I am touched by how many useful responses I have received. And thank you so much for the diagrams and explanations. This definitely sets me up in a place from where I can build the circuit! I will keep you all posted on progress.
 

ian field

Joined Oct 27, 2012
6,539
Another approach is to use an oscillator and counter to generate the LED clock and decode the 20 second period. Fortunately, it is easier that it sounds. U1 has an oscillator and a 14-bit counter/divider. If you get he oscillator frequency right, it takes 20 seconds before the Q14 output goes high. When it does, it inhibits the oscillator by screwing up the timing circuit. Resetting the counter starts the cycle again.

The ratio of 10 Hz to 0.025 Hz (the inverse of a 20 second flashing interval) is not a standard binary number. This is why the flash rate is 6.5 Hz - it is 256 times the operating cycle time of 40 seconds, the first 20 seconds of which are the operating time.

Unlike the 555, the 4060 has a relatively weak CMOS output stage that can source only 4 mA. For more LED current and brightness, a small MOSFET (2N7000/7002) can be added as an LED driver.


ak
View attachment 120888
You can get "ultra efficient" LEDs that give useable brightness with as little as 2mA.

Net earth shattering - but good enough for some applications.
 

Thread Starter

Eldarnoe

Joined Feb 18, 2017
12
Once again, AnalogKid has an elegant solution, Below is a schematic of a more conventional solution,

The 555 circuit on the left is a 555 monostable circuit, with an output of a twenty second high signal. Once twenty seconds has elapsed, the signal goes low until it is triggered again.

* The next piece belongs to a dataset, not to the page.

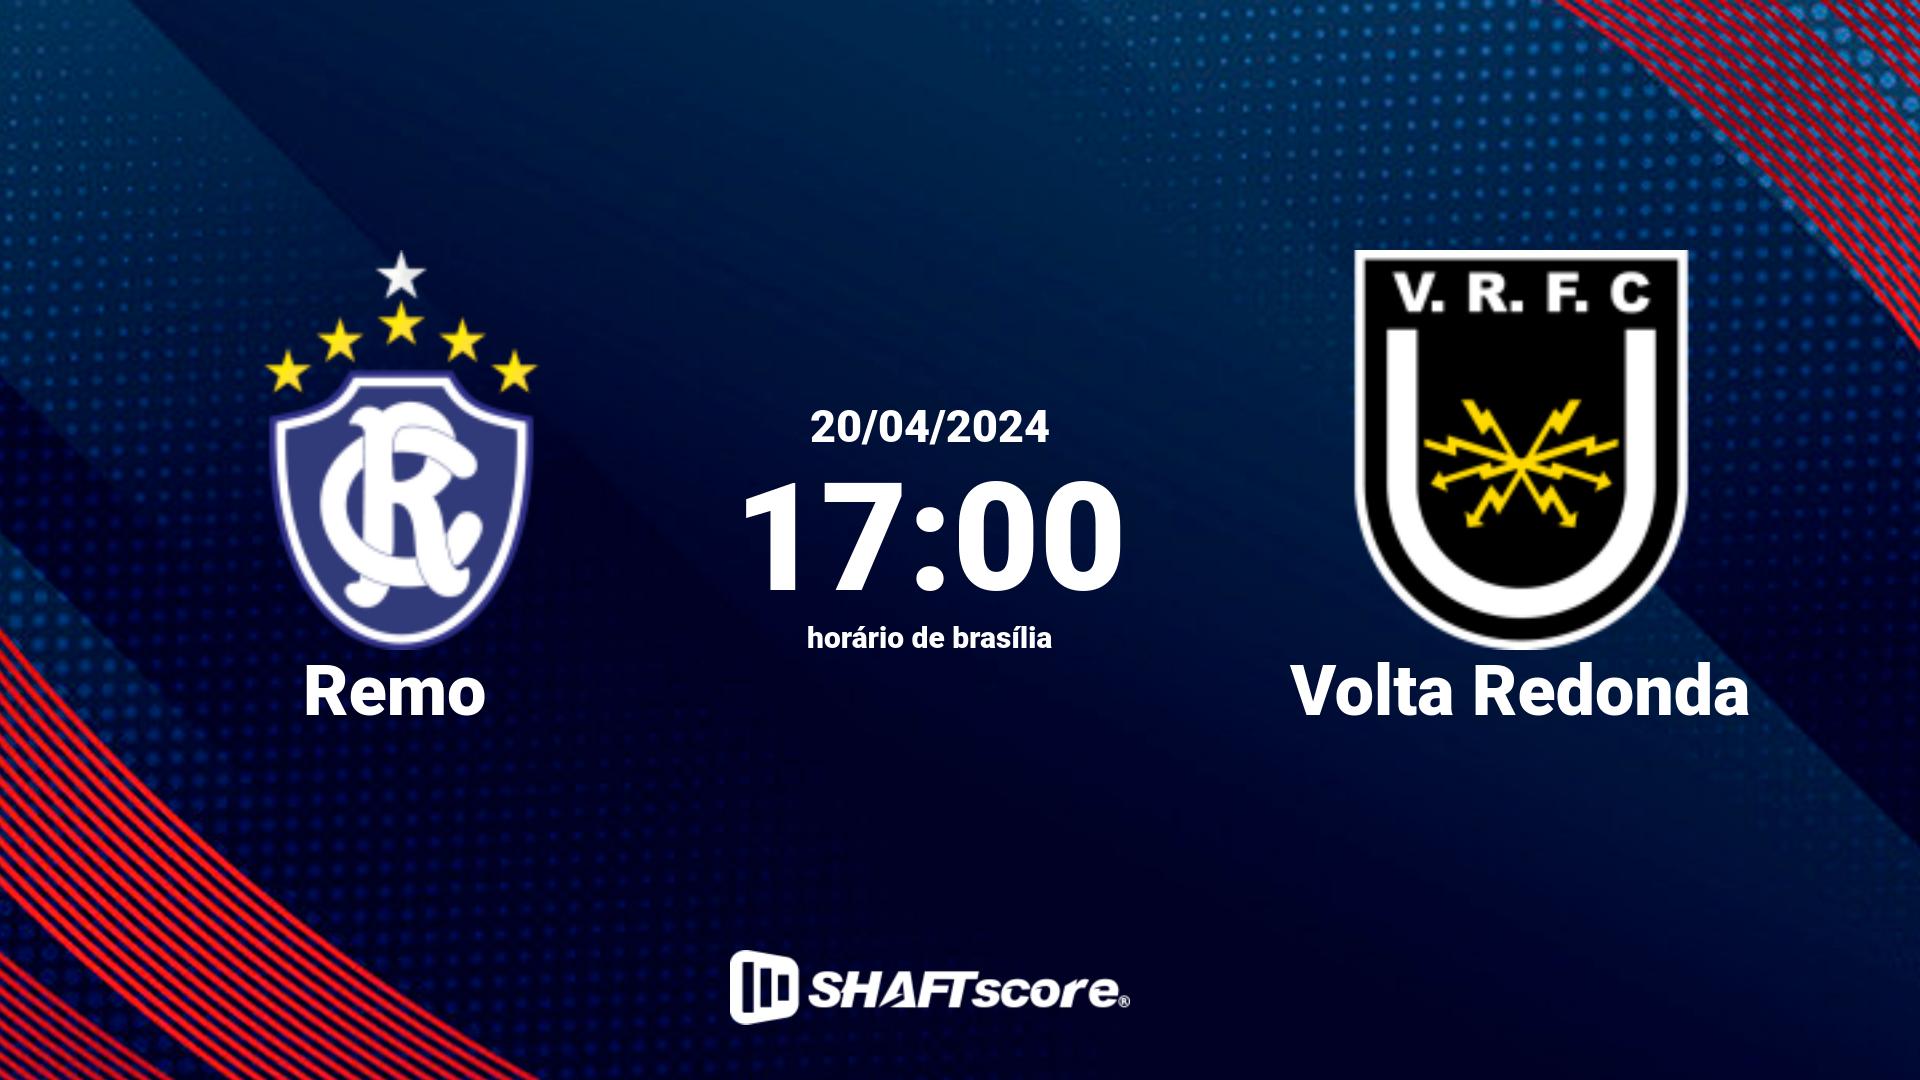 Estatísticas do jogo Remo vs Volta Redonda 20.04 17:00

The 555 circuit on the right is a 555 astable circuit, that runs a little over 10Hz with a 52% duty cycle. This is what flashes the LED and is triggered by the 555 monostable circuit.

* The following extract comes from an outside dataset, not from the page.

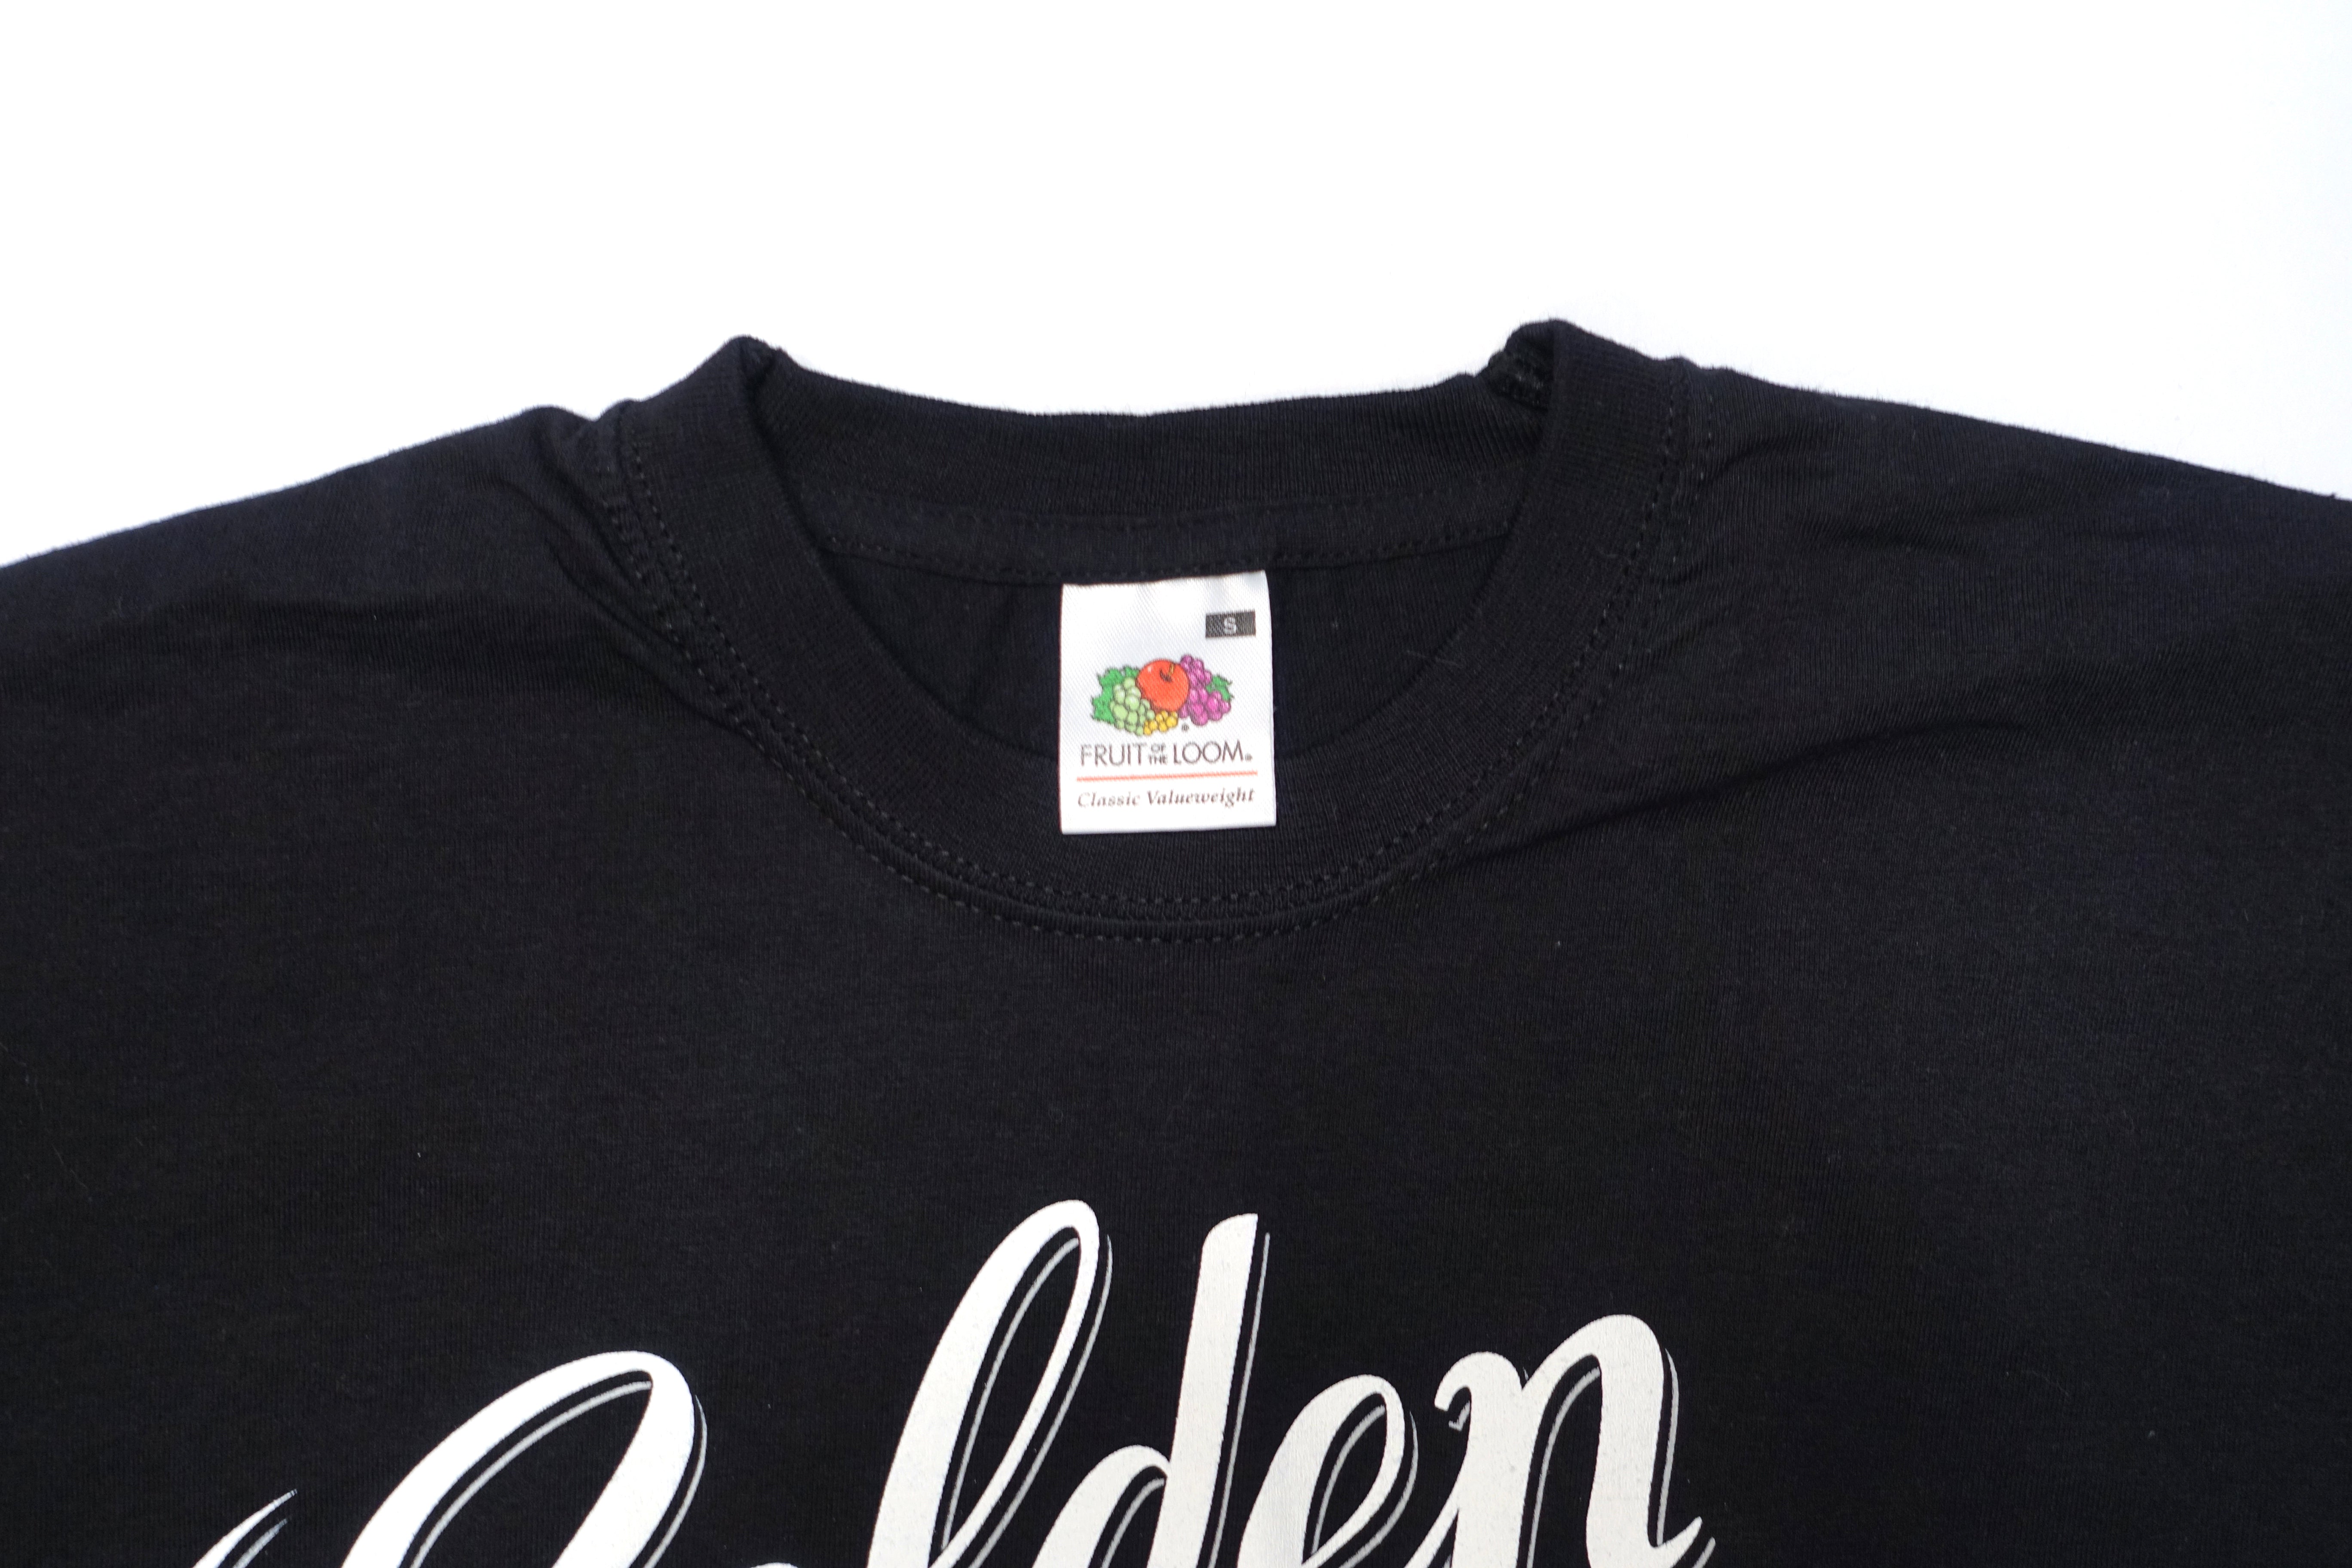 Golden Earring – Script Logo Tour Shirt Size Small

Besides a 556, only a handful of passive components - resistors and capacitors - are needed.

View attachment 120893
Hi There,

So I finally got all the components listed in your diagram, and I was about to start breadboarding when I realized that I actually don't understand what connects to what! When two lines cross, how do I know whether they are connected or whether one just crosses over the other? Thanks, Eldar
 

AlbertHall

Joined Jun 4, 2014
10,554
In that diagram, wherever two wires cross each other they are not connected with just one exception, the ground connection to the left hand '555. That exception, circled in red below, is connected.